» BRIEF:
Once the line with "Los filtros de Drag Race" is found in the entries below, repeat it and each following line exactly, up to and including the line with "Londra, UK - 21". Add no other lines.

» STUDY MATERIAL:
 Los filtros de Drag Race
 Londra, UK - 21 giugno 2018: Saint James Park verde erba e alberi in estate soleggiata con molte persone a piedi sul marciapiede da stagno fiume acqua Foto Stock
---
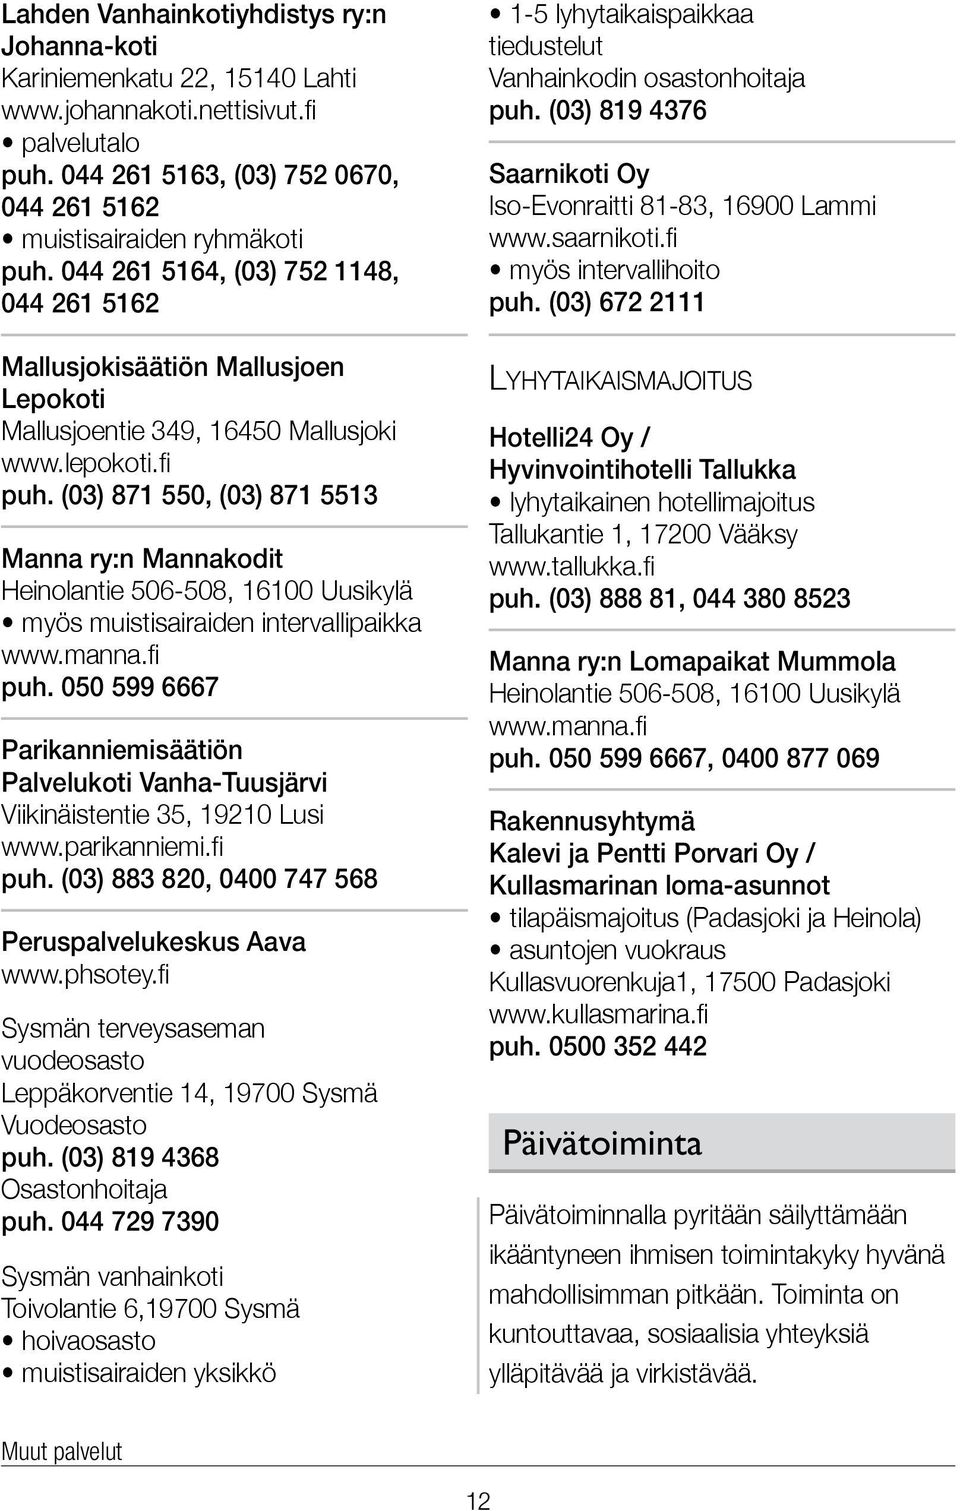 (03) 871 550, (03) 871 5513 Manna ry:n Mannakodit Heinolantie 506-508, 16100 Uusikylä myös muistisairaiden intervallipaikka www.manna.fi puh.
==
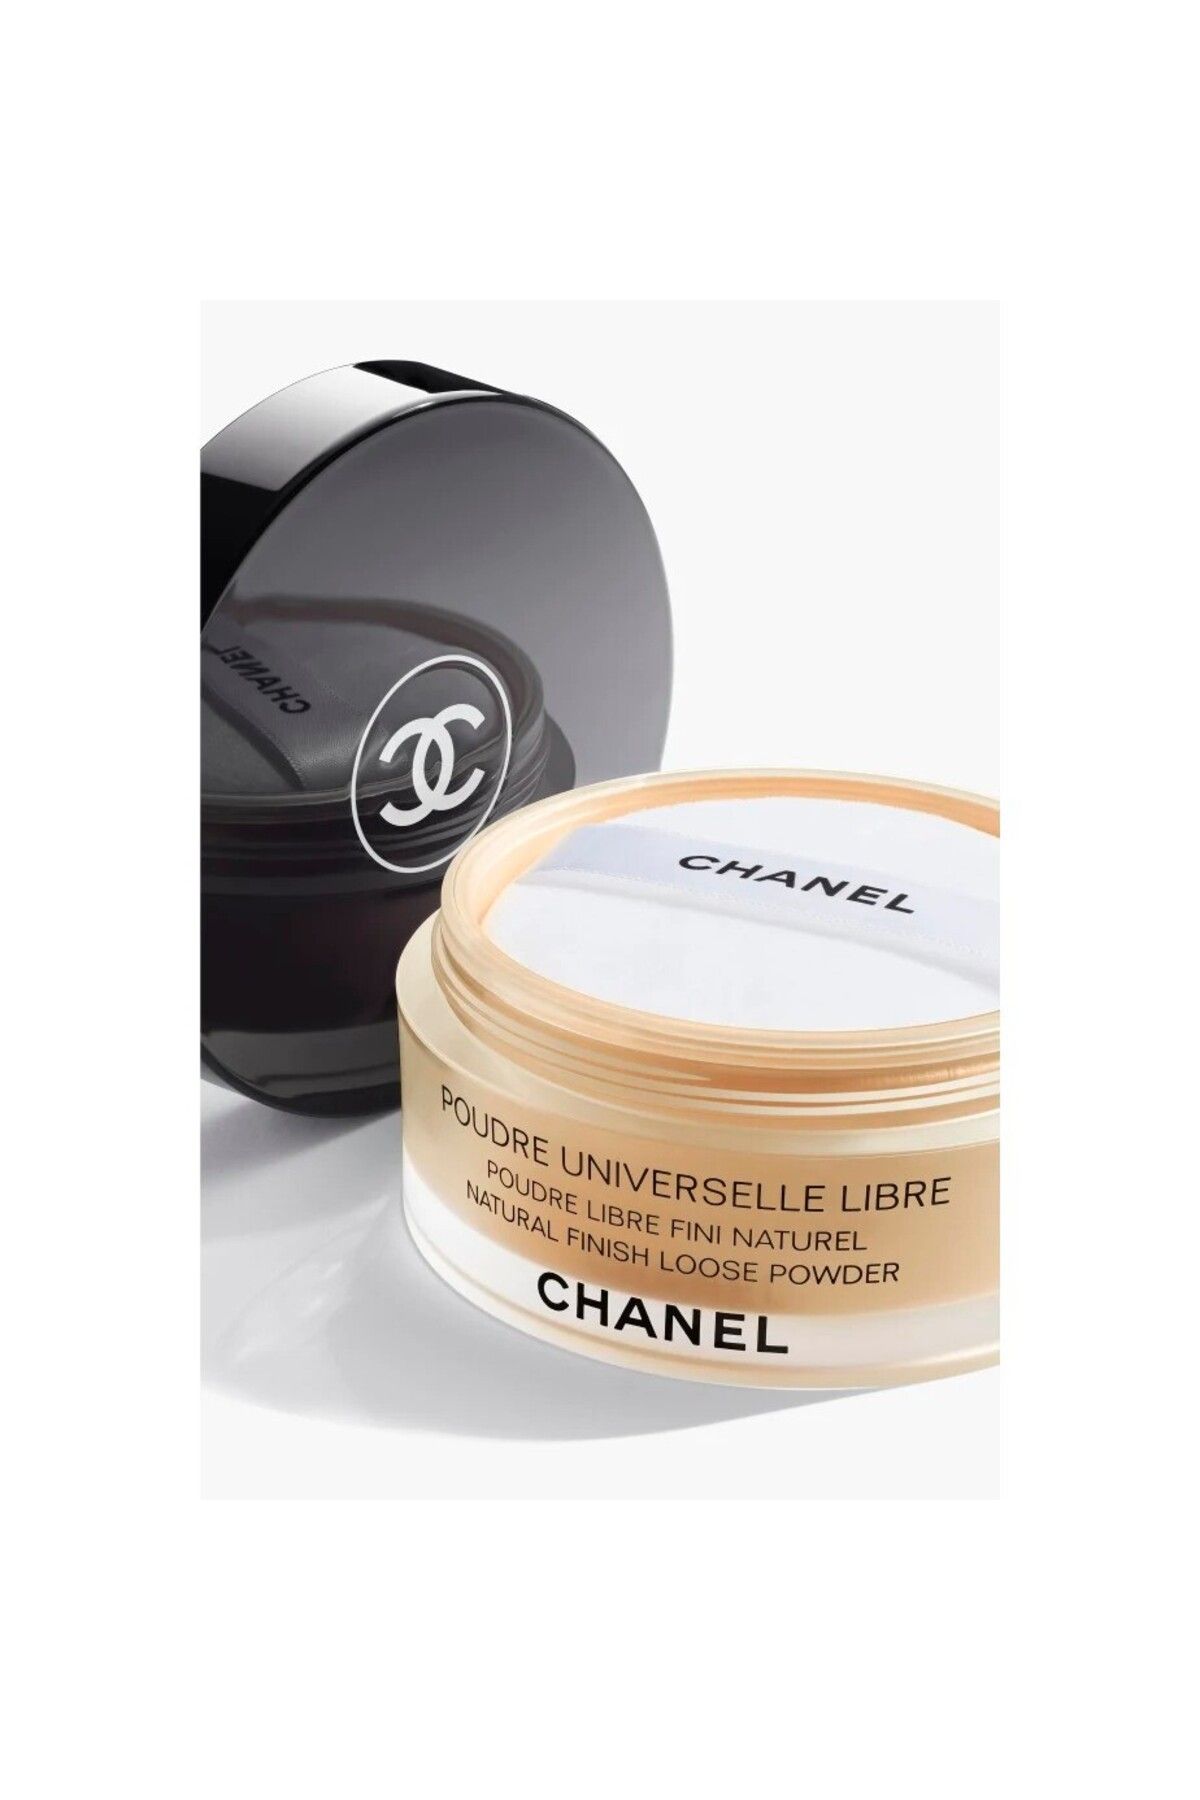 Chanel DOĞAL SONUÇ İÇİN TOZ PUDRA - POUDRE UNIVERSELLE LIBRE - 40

» OUTPUT FOR THIS TASK:
 Los filtros de Drag Race
 Londra, UK - 21 giugno 2018: Saint James Park verde erba e alberi in estate soleggiata con molte persone a piedi sul marciapiede da stagno fiume acqua Foto Stock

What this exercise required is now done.